Marina Lewycka: ‘Finding something funny in the bedroom tax was a challenge’

Marina Lewycka
‘I look for comic situations’ … Marina Lewycka Photograph: Geraint Lewis/REX/Shutterstock

“At the moment the big fashion is for crime and horror,” comic novelist Marina Lewycka tells me over coffee and pastries, “but when I go to the pictures and it’s something scary, I can hardly watch. I like to be cheered up by things, and it’s not because I think the world is OK, it’s because I think the world is so awful.”

Had someone set about imagining what sort of English novelist the daughter of Ukrainian refugees, born in a British-run camp in Germany in 1946, might turn out to be, it is unlikely they would have guessed right: when we think of writers from the former Soviet Union, we are far more likely to think of angst than jokes. But over the course of five novels, starting when A Short History of Tractors in Ukrainian became a wildly unlikely smash hit just over a decade ago, Lewycka has made a name for herself in the world of comic fiction. She won the Bollinger Everyman Wodehouse prize for comic fiction in 2005 (the prize is a Gloucestershire Old Spots pig); the only woman to have won in all its 16 years.

Her latest book, The Lubetkin Legacy, which has been shortlisted for the same prize, is out this month and is built around the parallel lives of Berthold and Violet, two lonely souls living in the same London block of flats.

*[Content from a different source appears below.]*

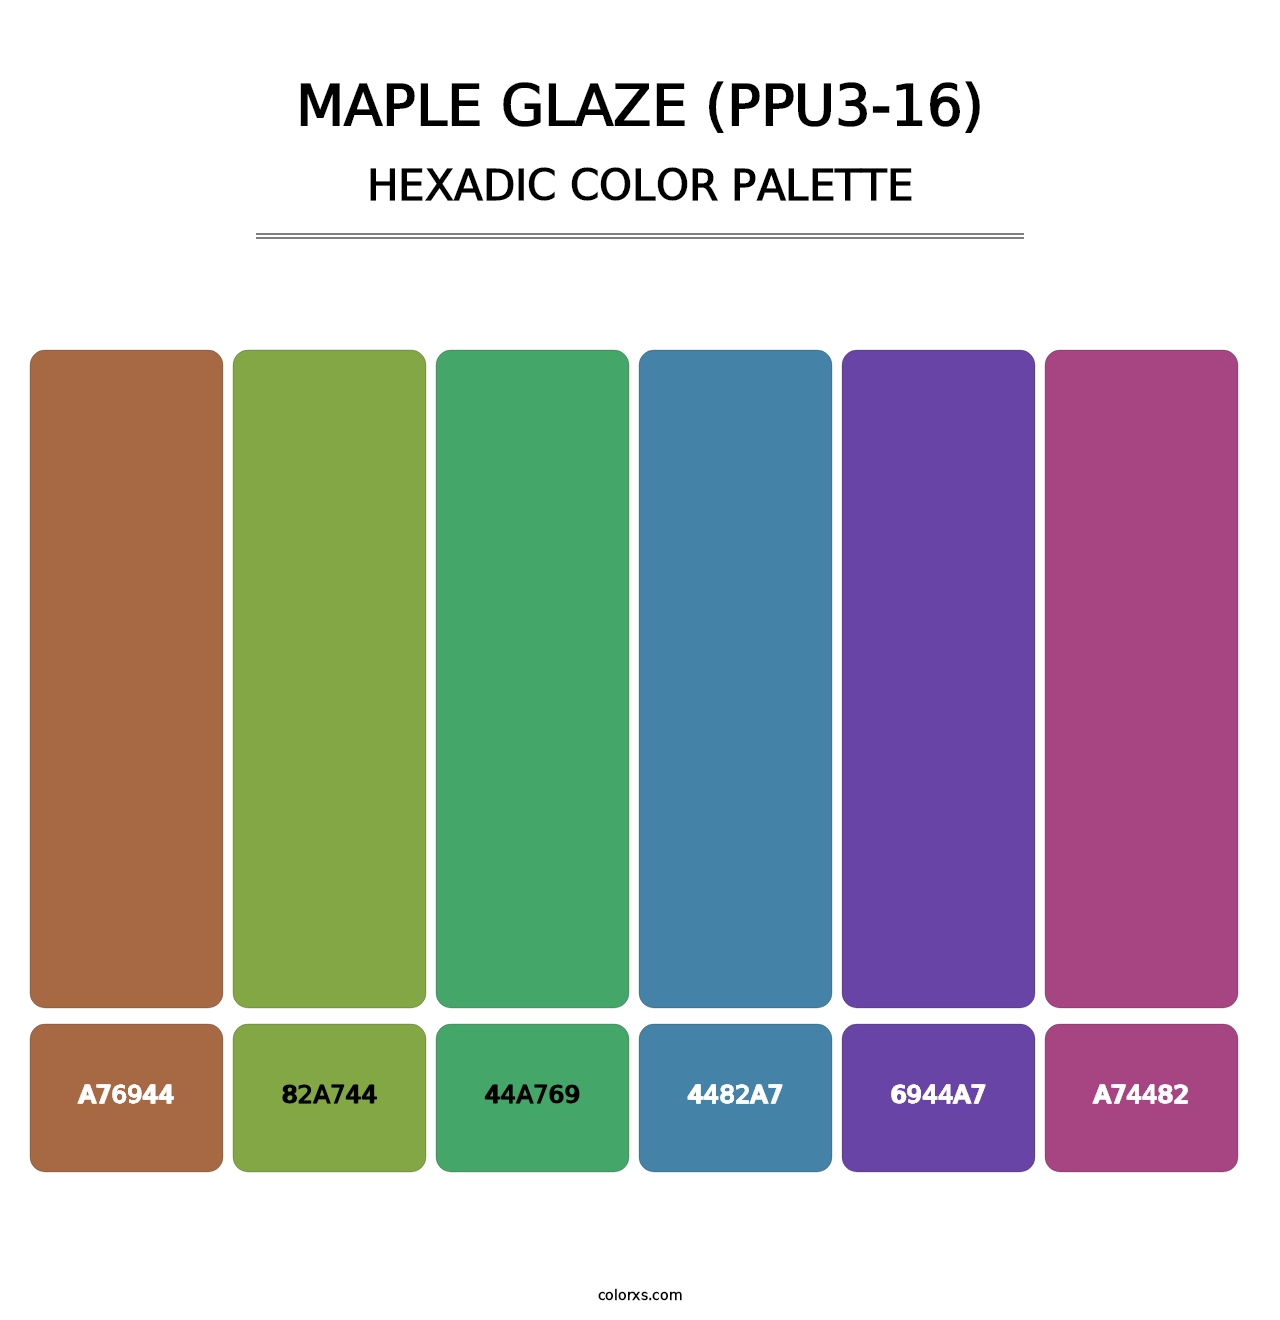 Maple Glaze (PPU3-16) - Hexadic Color Palette

Developers are circling, or rather attacking the cherry trees outside with chainsaws, and poor Berthold, a failing actor whose mother Lily has just died, is so terrified of being thrown out by the council that he moves another old lady in to impersonate her.

“Finding something funny in the bedroom tax was a challenge,” says Lewycka. “I suppose it’s a Yorkshire thing, but when things are bad you have to think about how to make them funny, because that’s how you survive. So I look for comic situations and think: what else could happen that’s really awful?”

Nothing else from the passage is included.